> _DATASET RECORDS_:
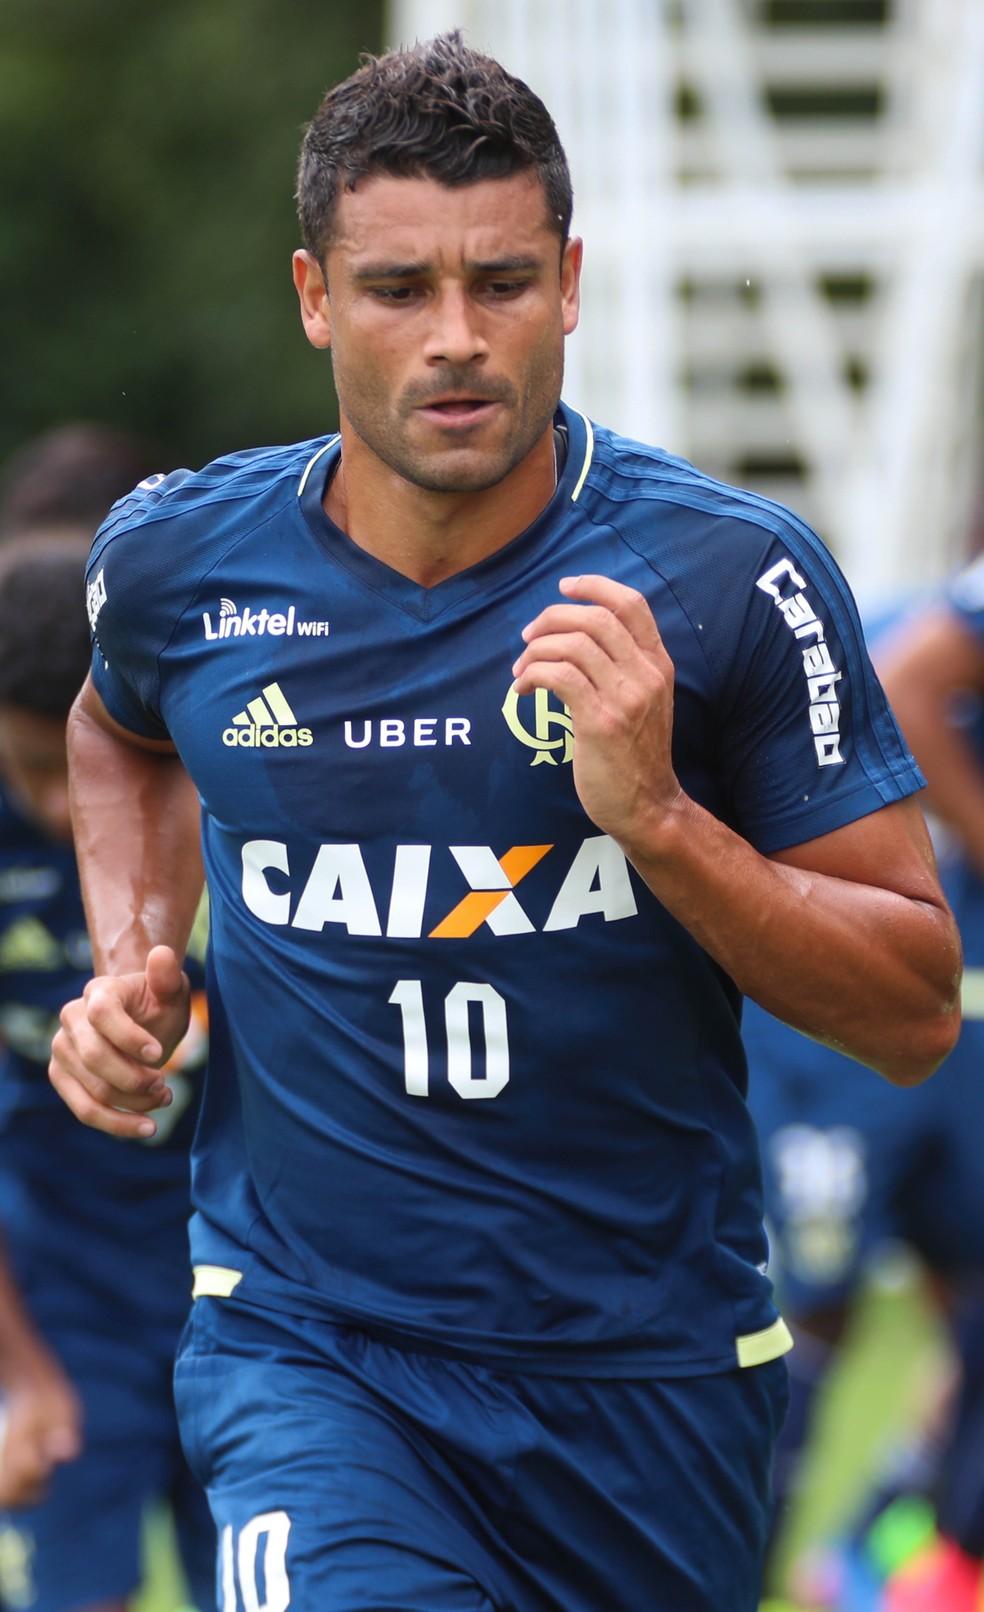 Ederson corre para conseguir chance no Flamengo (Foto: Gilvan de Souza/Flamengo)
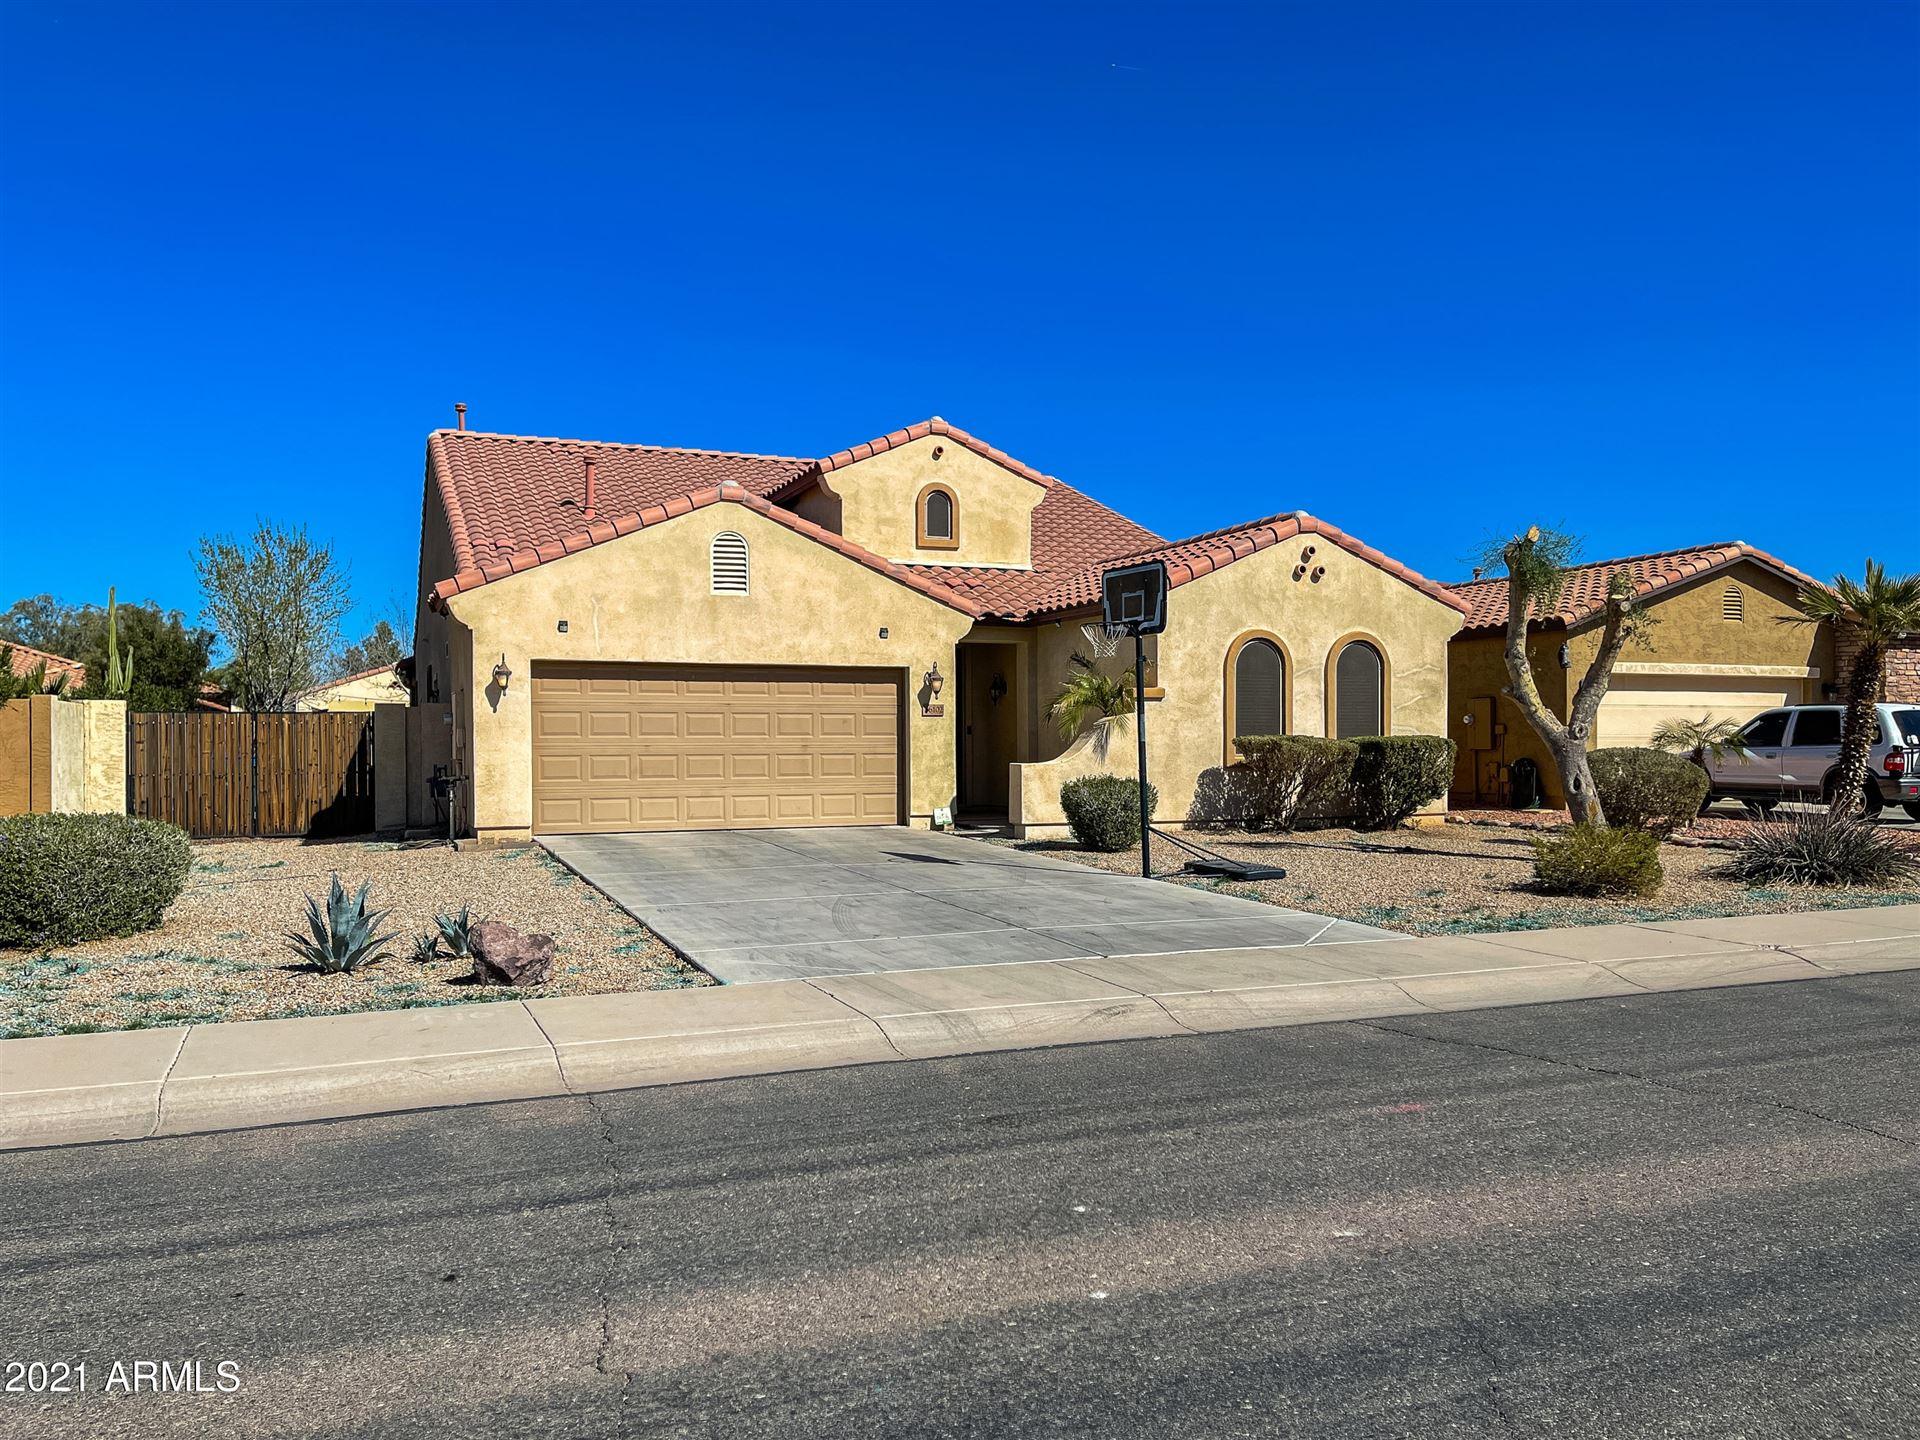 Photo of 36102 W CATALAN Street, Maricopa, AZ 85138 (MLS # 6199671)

---

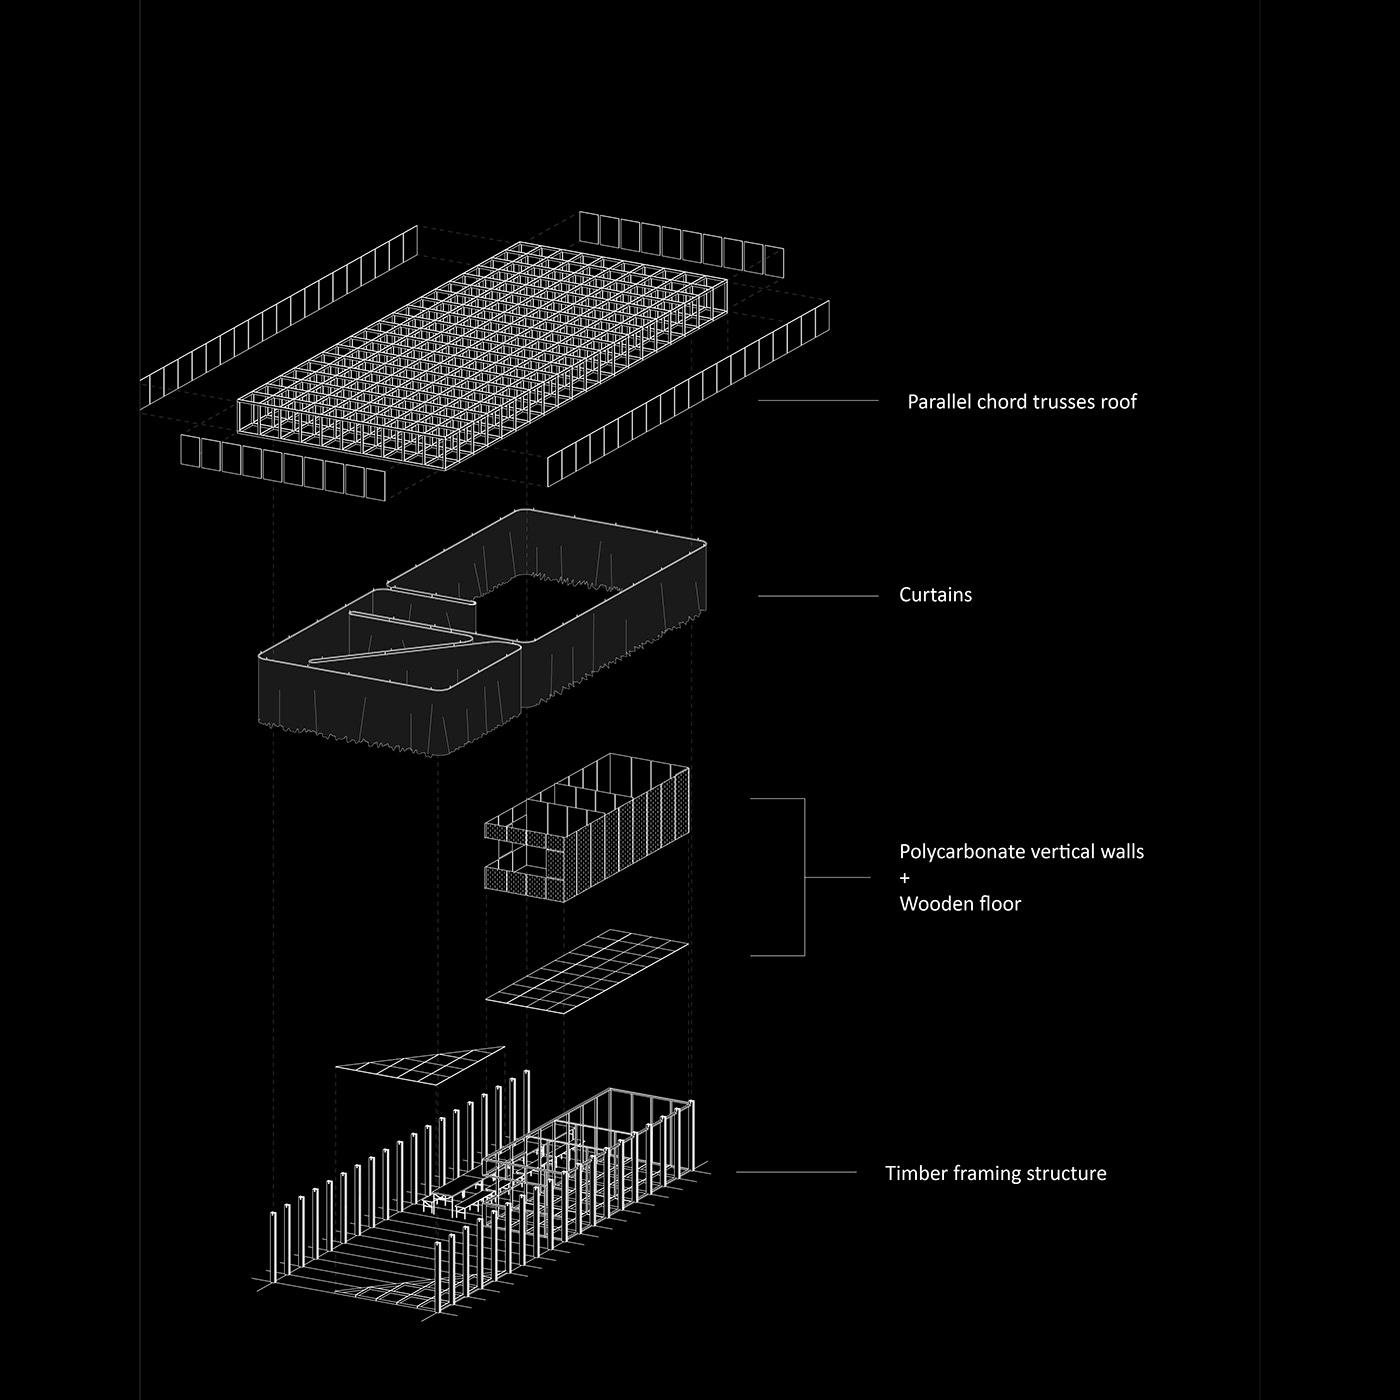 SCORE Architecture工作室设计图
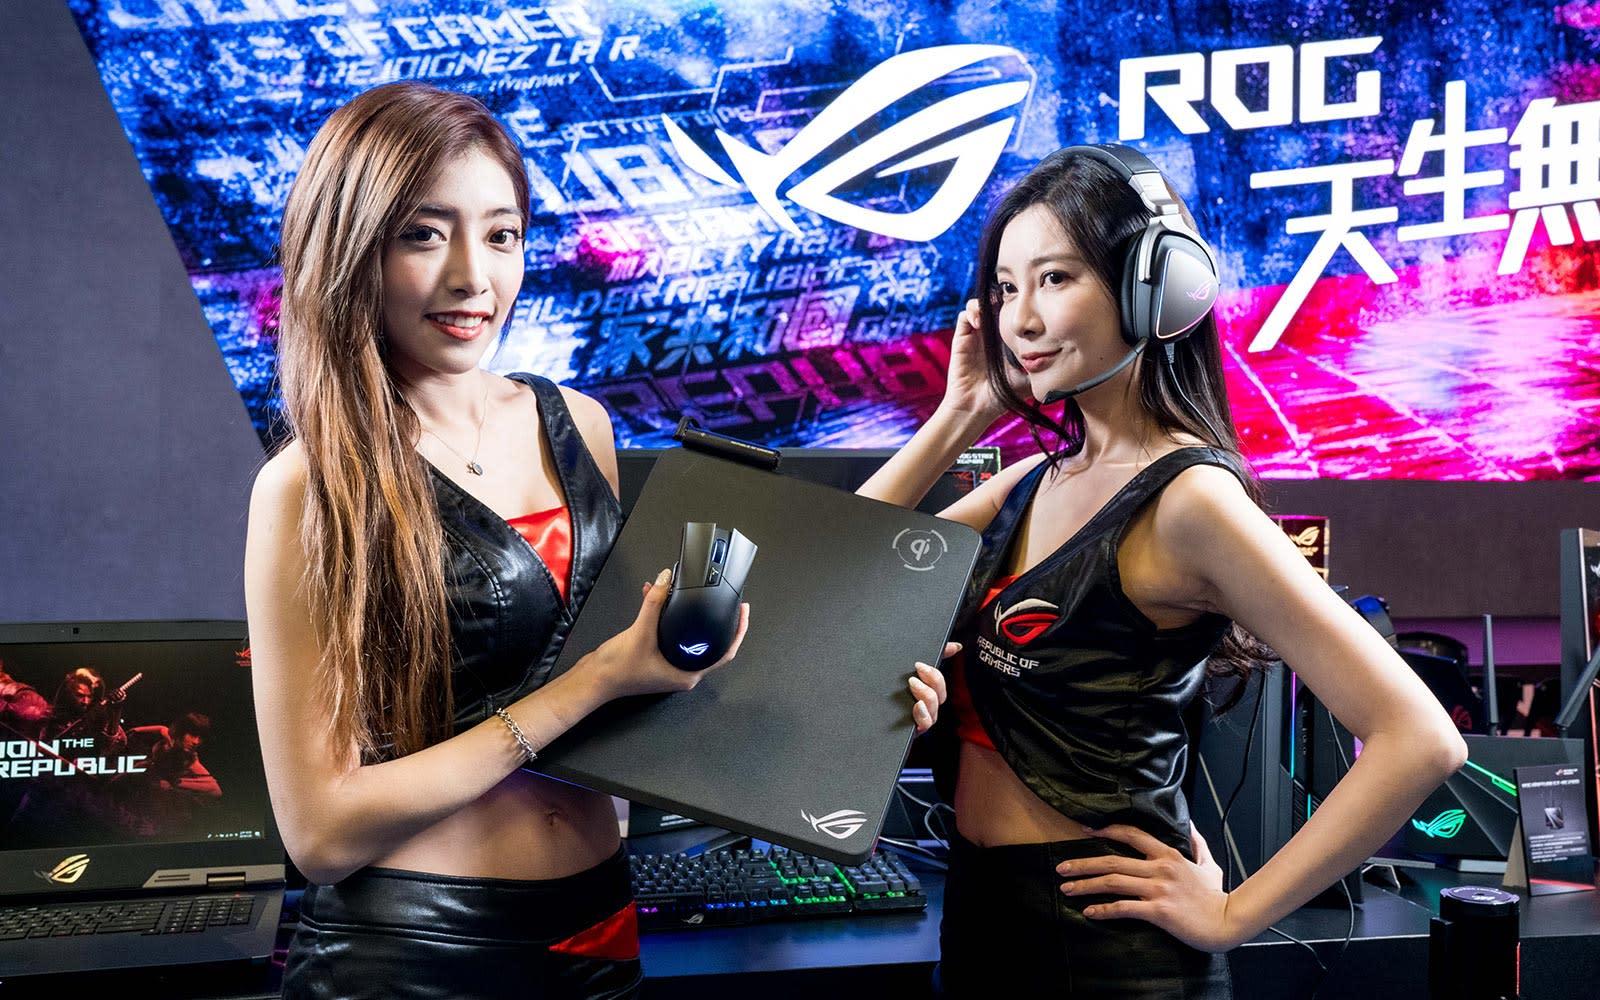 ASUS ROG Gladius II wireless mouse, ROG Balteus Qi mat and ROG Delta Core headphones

...

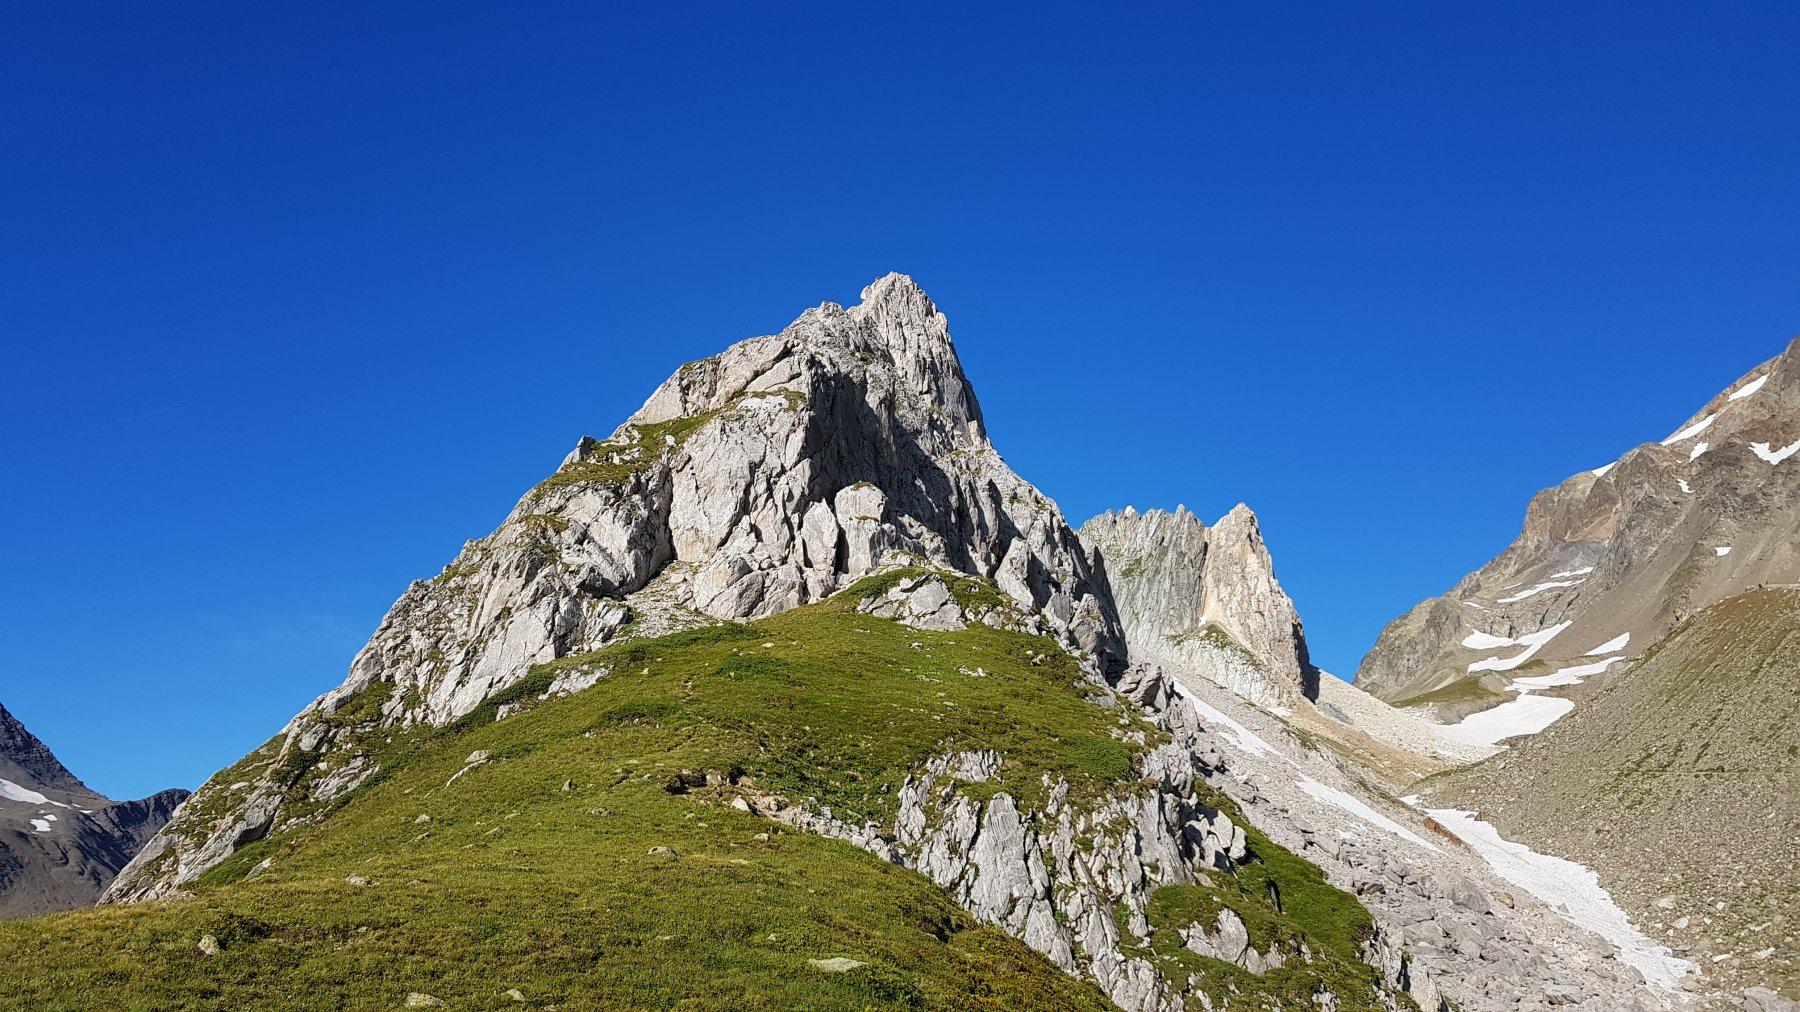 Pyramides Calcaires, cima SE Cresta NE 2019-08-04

> _TASK_:
Transcribe the listing above exactly, but only from the line with "Ederson corre para" through the line with "Photo of 36102". Include both of those lines and omit the pictures.

> _YOUR RESPONSE_:
 Ederson corre para conseguir chance no Flamengo (Foto: Gilvan de Souza/Flamengo)
 Photo of 36102 W CATALAN Street, Maricopa, AZ 85138 (MLS # 6199671)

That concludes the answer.